В тот ранний час стрельцы поймали в Немецкой слободе доктора Даниэля фон Гадена. Переодетый нищим, он двое суток прятался в Марьиной Роще. Голод погнал к своим. Опознали.

Снова гудел по Москве набат. В третий раз стрелецкие полки шли на Кремль, где всего воинства — царевны, вдовы царицы, царь-отрок, царевич-дурак...

К стрельцам вышла великая государыня Марфа Матвеевна. Ей тотчас крикнули:

   — Выдай нам Ивана Нарышкина да жену дохтура Даньки!

Марфа Матвеевна осенила себя крестным знамением, поклонилась войску. Голосок так и зазвенел, молоденькая совсем:

   — Хоть убейте меня, не отдам на смерть невинную докторицу. Это вы мне отдайте доброго Даниэля. Знали бы, как он пёкся о здравии Фёдора Алексеевича. Ночами напролёт у постели великого государя сиживал.

   — Данька — чернокнижник! — крикнули в ответ стрельцы. — Мы в его доме змей сушёных нашли, черепах! Погоди, царица, всё про него узнаем и тебе скажем!

Потащили бедного доктора через весь Кремль в Константиновский застенок.

Толпа же не убывала, росла. Все ждали выдачи Ивана Нарышкина.

Царевна Софья, похудевшая за два дня, но всё такая же розовощёкая, явилась к Наталье Кирилловне с боярами:

   — Не избыть тебе, царица, чтоб брата Ивана Кирилловича не выдать. Не уйдут стрельцы без него. Али нам всем погибнуть ради Нарышкиной гордыни?

Бояре кланялись царице. Говорили, пряча глаза:

   — Ничего не поделаешь... У них сила. Стрельцы все пьяны... Полезут во Дворец — всем нам будет смерть. И тебе, и сыну твоему...

Хорошо в царях пряники медовые кушать, но приходит час — плати за мёд да за яхонты.

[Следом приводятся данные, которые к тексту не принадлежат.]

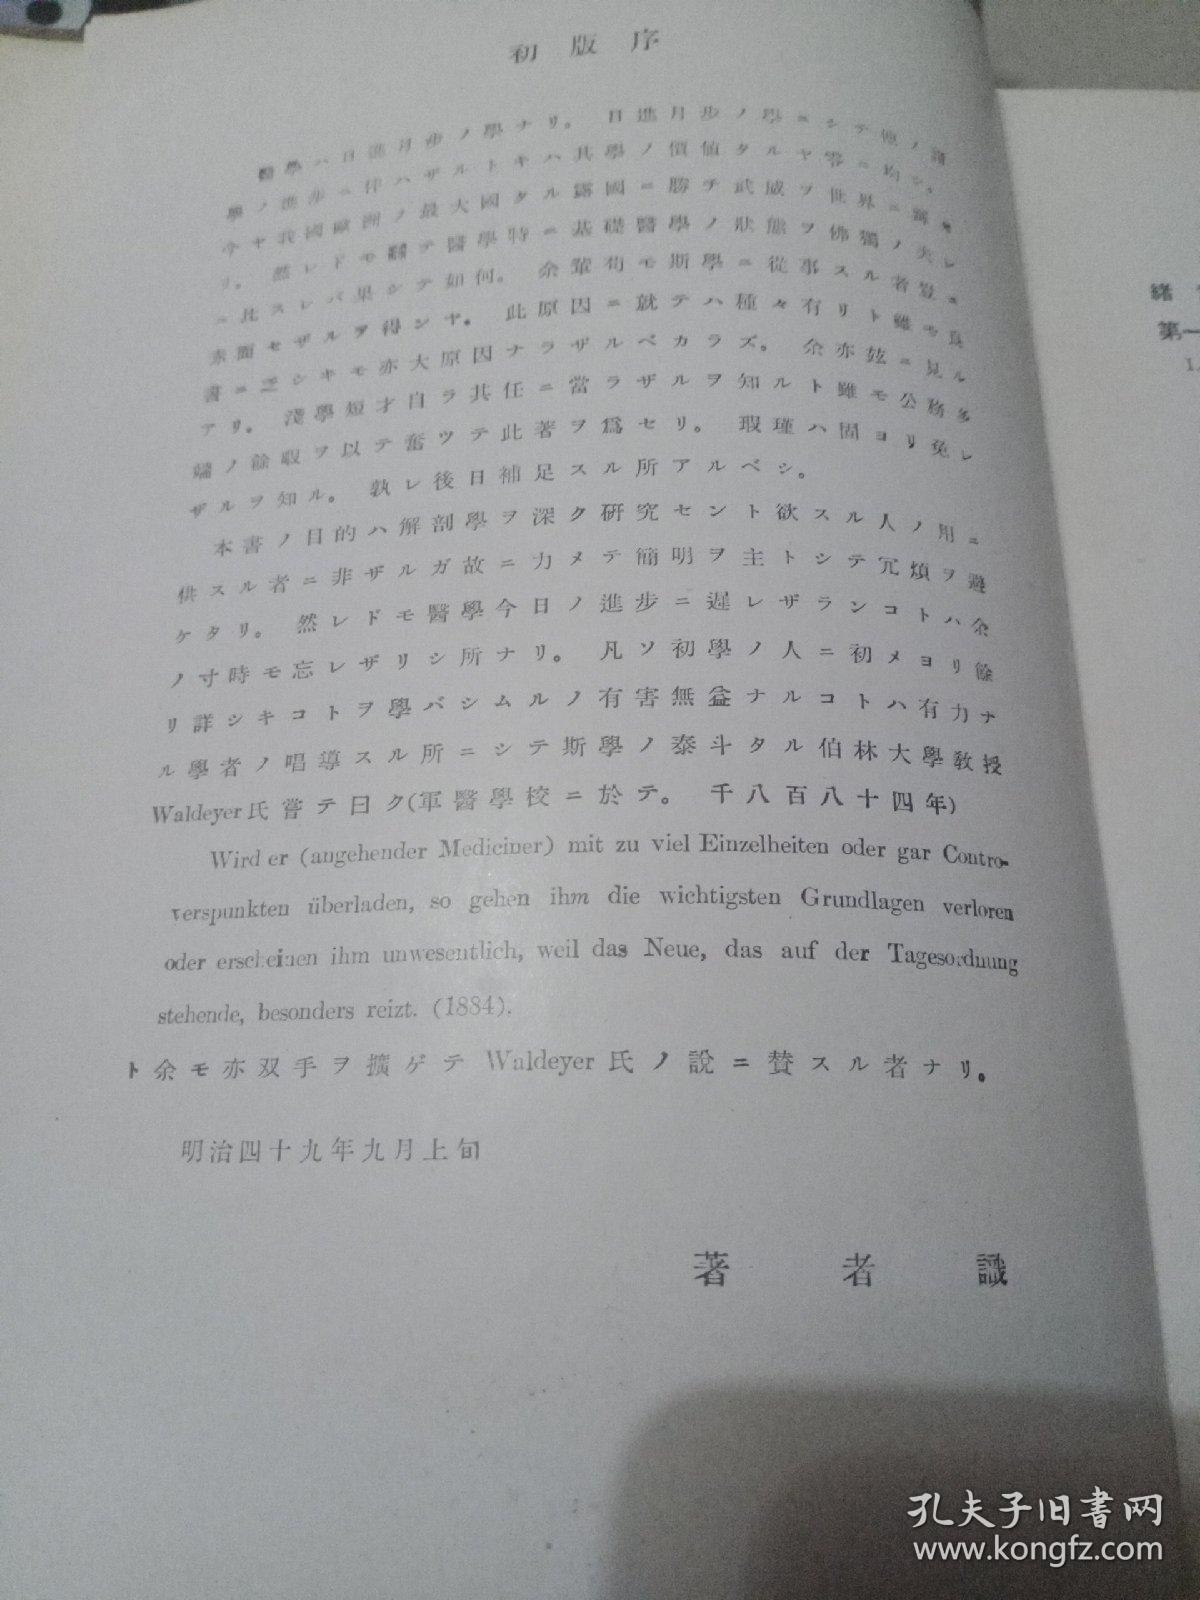 日文版(近世解剖学上下)昭和18年

А плата — горше некуда: жизнями.

Не дрогнул голос у Натальи Кирилловны, сказала постельникам:

   — Приведите Ивана Кирилловича в церковь Спаса за Золотой Решёткой.

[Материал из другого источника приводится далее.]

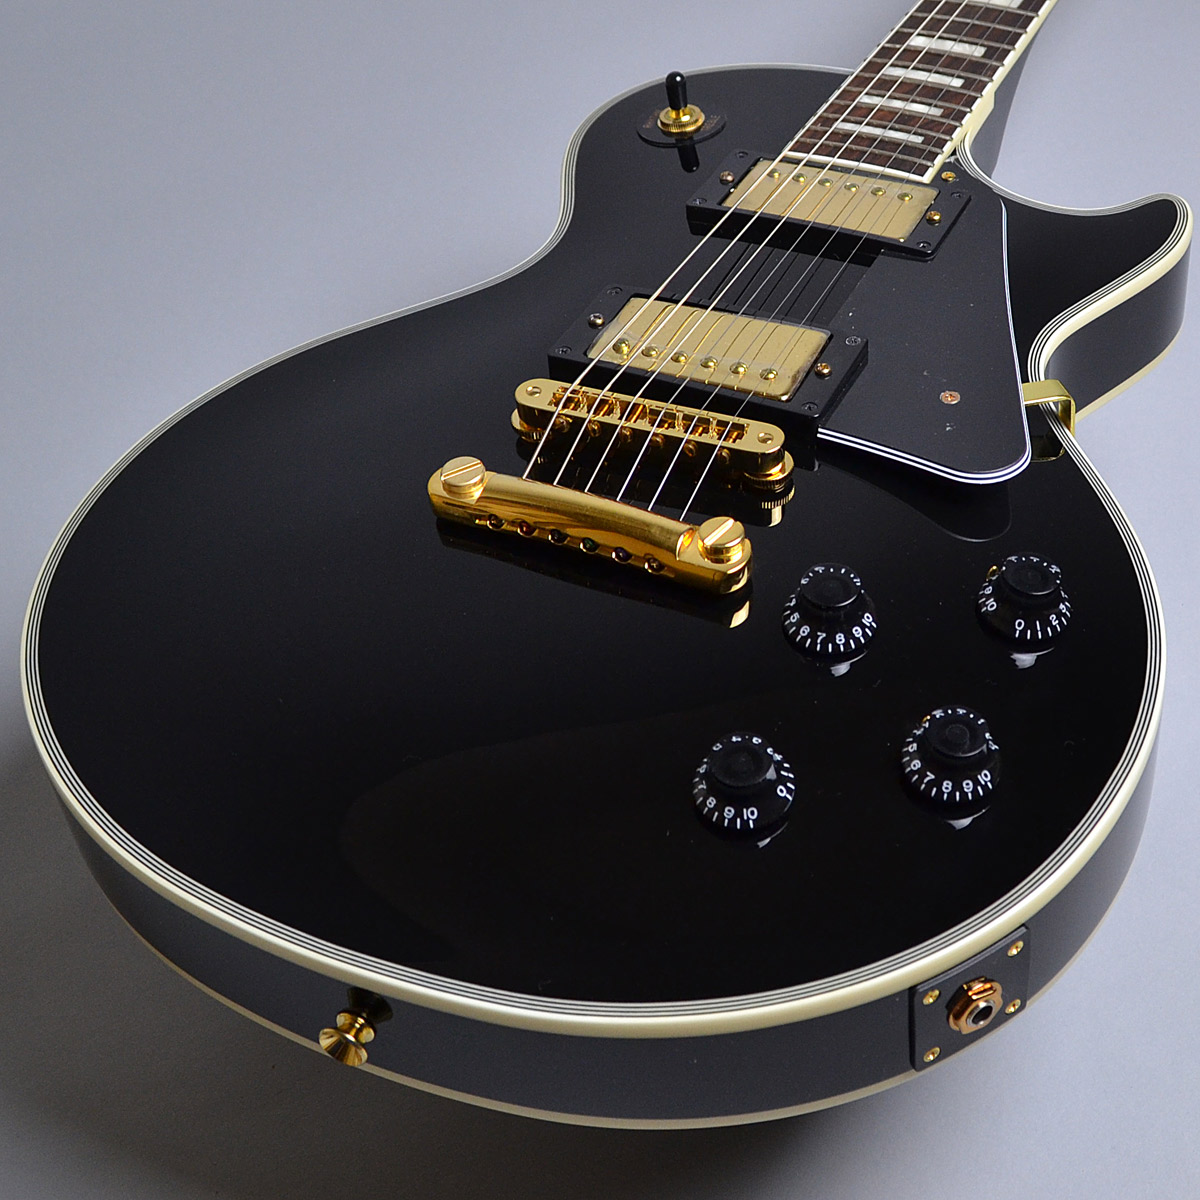 Burny Srlc55 Black 保障 レスポールカスタムタイプ 新品特価 バーニー エレキギター

И сама пошла в ту церковь. Софья и бояре — следом.

Иван Кириллович, выбравшись из чулана, застеснялся — весь в пуху. Переоделся. Пришёл в церковь спокойный, красивый. Поцеловал у Натальи Кирилловны руку.

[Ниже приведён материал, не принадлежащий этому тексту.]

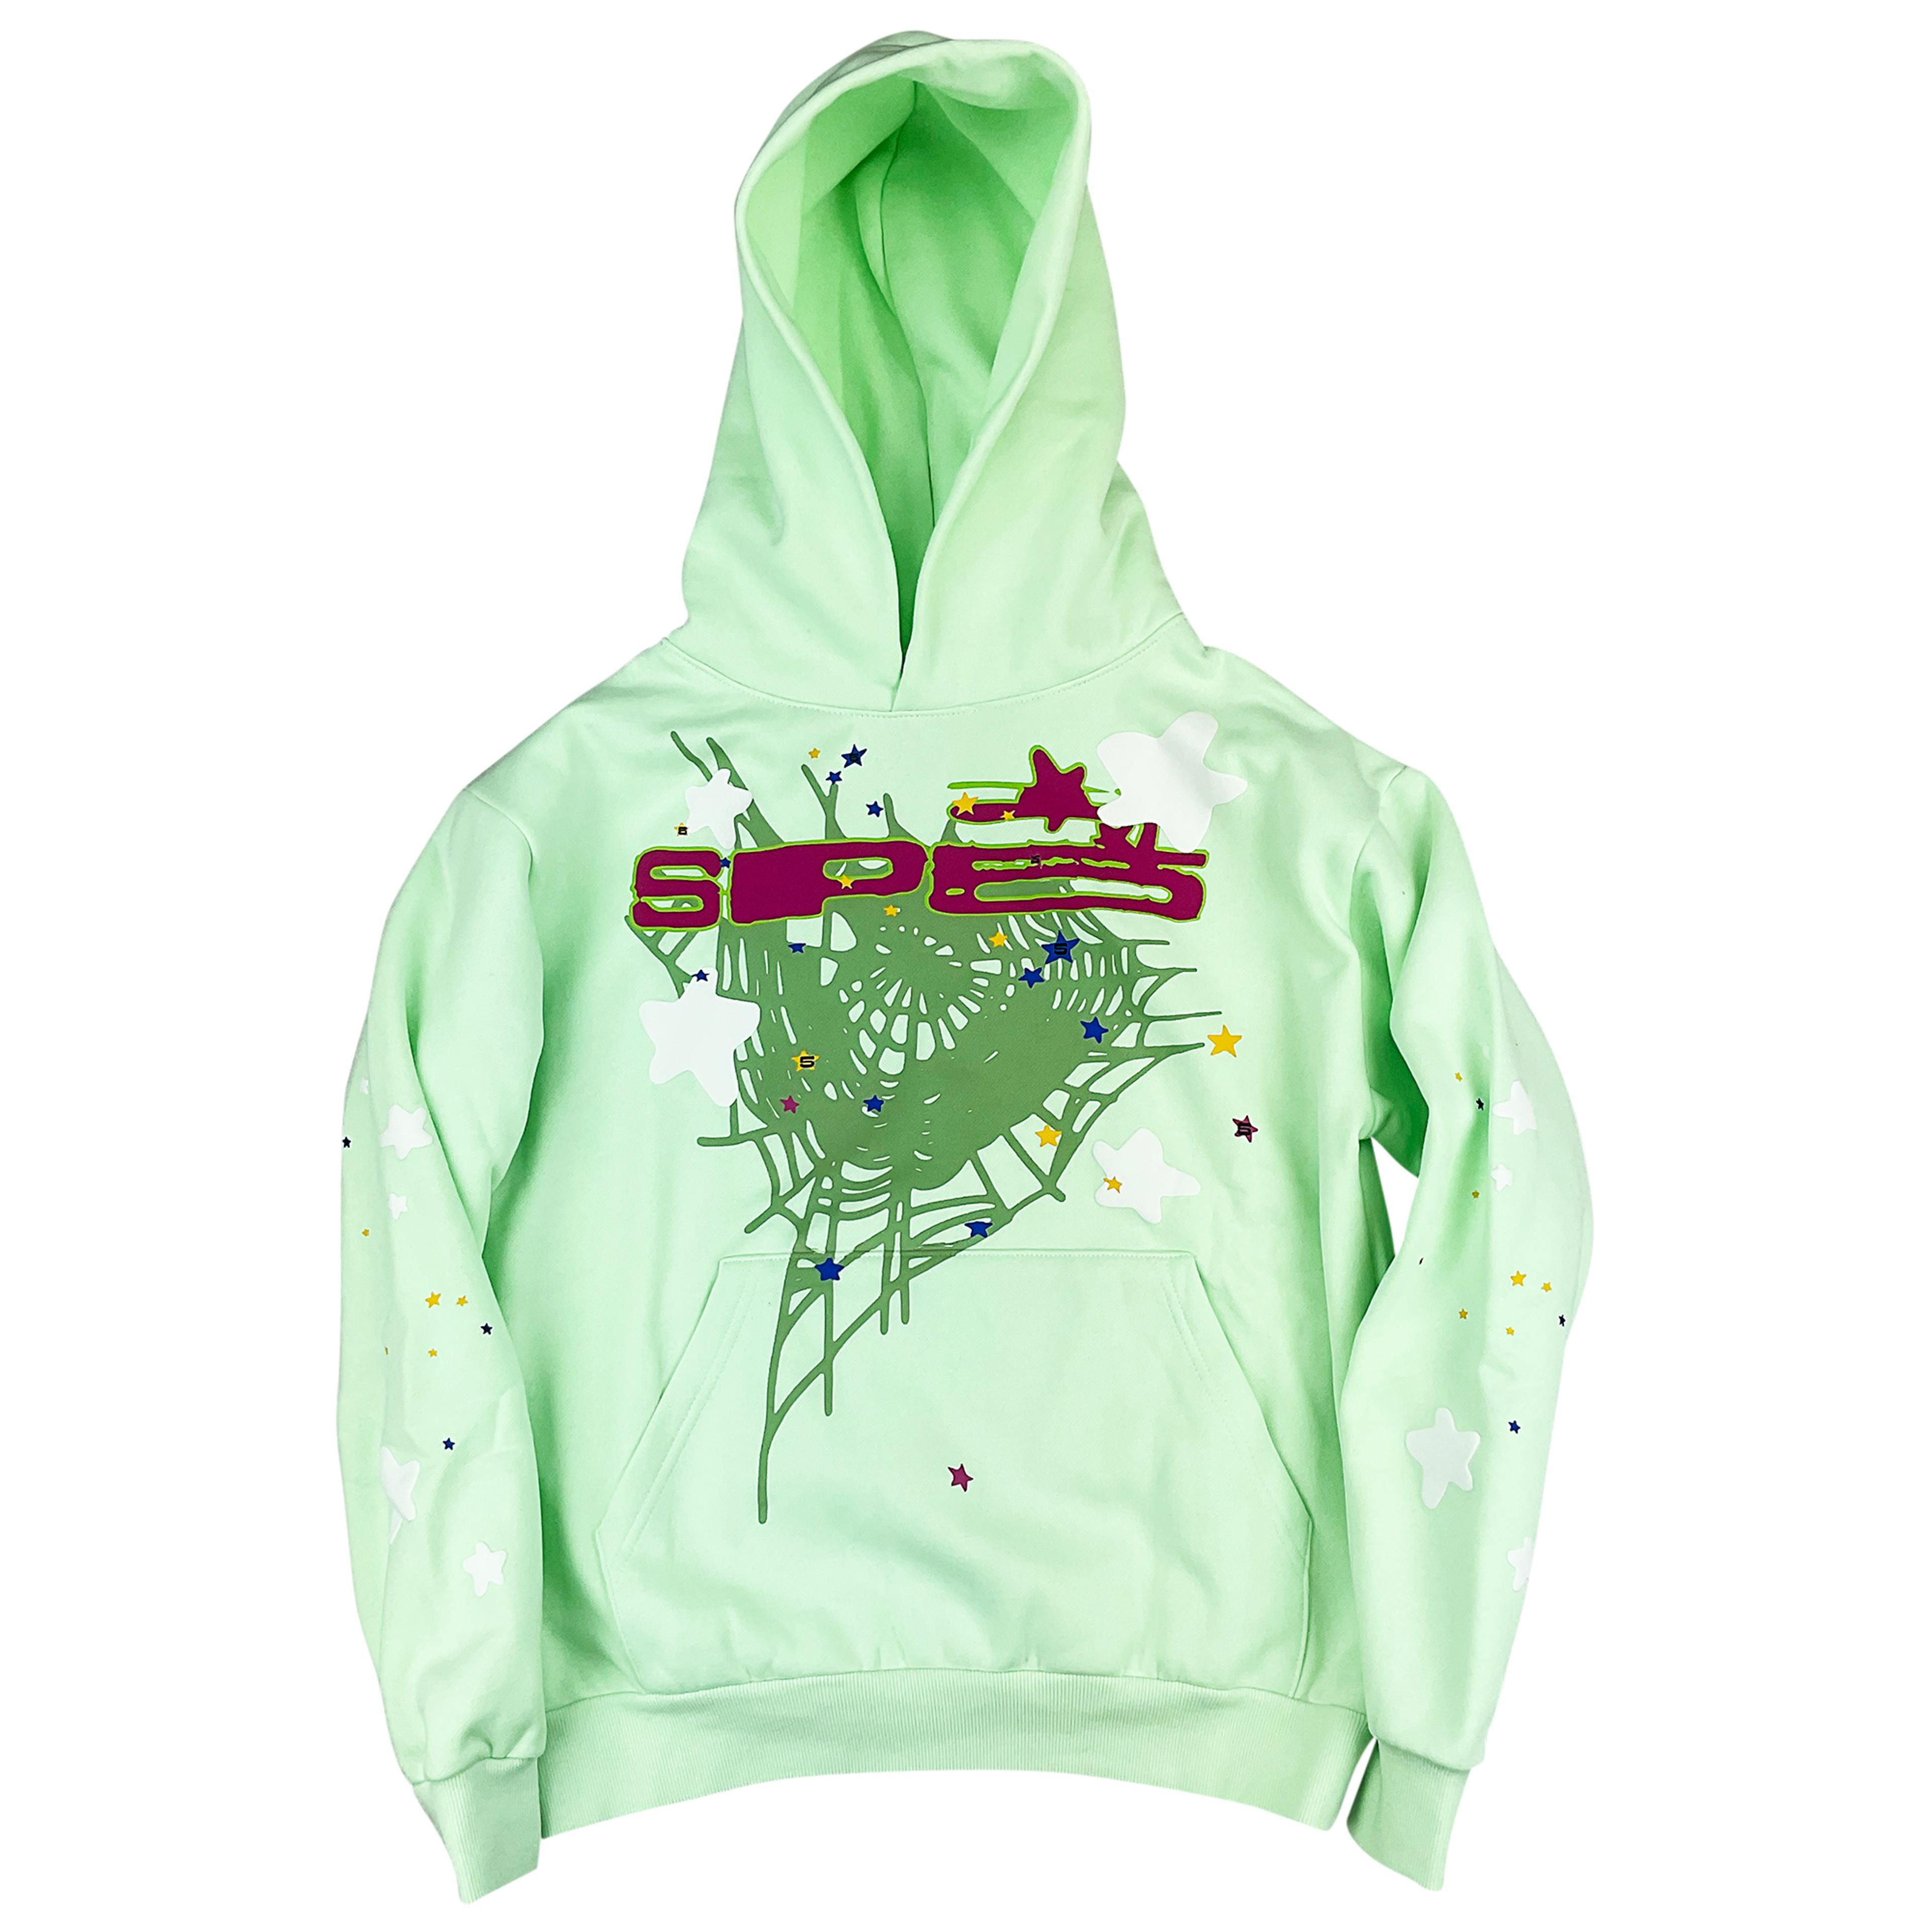 Sp5der SP5 Hoodie Sweatshirt Mint Green | Spider Worldwide

   — Ступай к Никите Васильевичу, причастись.

Иван Кириллович исповедовался, соборовался.

К царице подскочил боярин Яков Никитич Одоевский, руки трясутся, щека дёргается.

   — Сколько ни жалей братца, а отдать его нужно! И ты, Иван, не тяни за нас душу. Ступай с Богом, не всем же из-за тебя погибать!

Царевна Софья подала обречённому на гибель образ Богородицы.

   — Икона чудотворная, держи перед собой. Может, стрельцы устыдятся...

Наталья Кирилловна пошла первой, с нею Софья, за ними Иван. Вышли из храма к Золотой Решётке.

   — Ваня! Родной мой! Прости! — застонала Наталья Кирилловна.

   — Ничего! — Иван улыбнулся сестре. — Ничего! Живите!

Царевна Софья быстро-быстро крестила несчастного.

Стольники отперли решётку. Иван Кириллович, загородясь иконою, шагнул через порог.

Его тотчас ударили со всего плеча, ухватили за волосы, поволокли по ступеням.

Икона кувыркалась следом.

Пиная, тыкая кулаками ненавистного боярина — ещё и побоярствовать не успевшего — погнали в тот же Константиновский застенок.

Доктор валялся на лавке без чувств.

Ивана Кирилловича начали пытать крючьями, жечь огнём.

Докторишка на пытке такого о себе порассказал — до слёз насмешил. Просил дать ему три дня сроку, обещал указать всех, кто во много раз достойнее казни, нежели он.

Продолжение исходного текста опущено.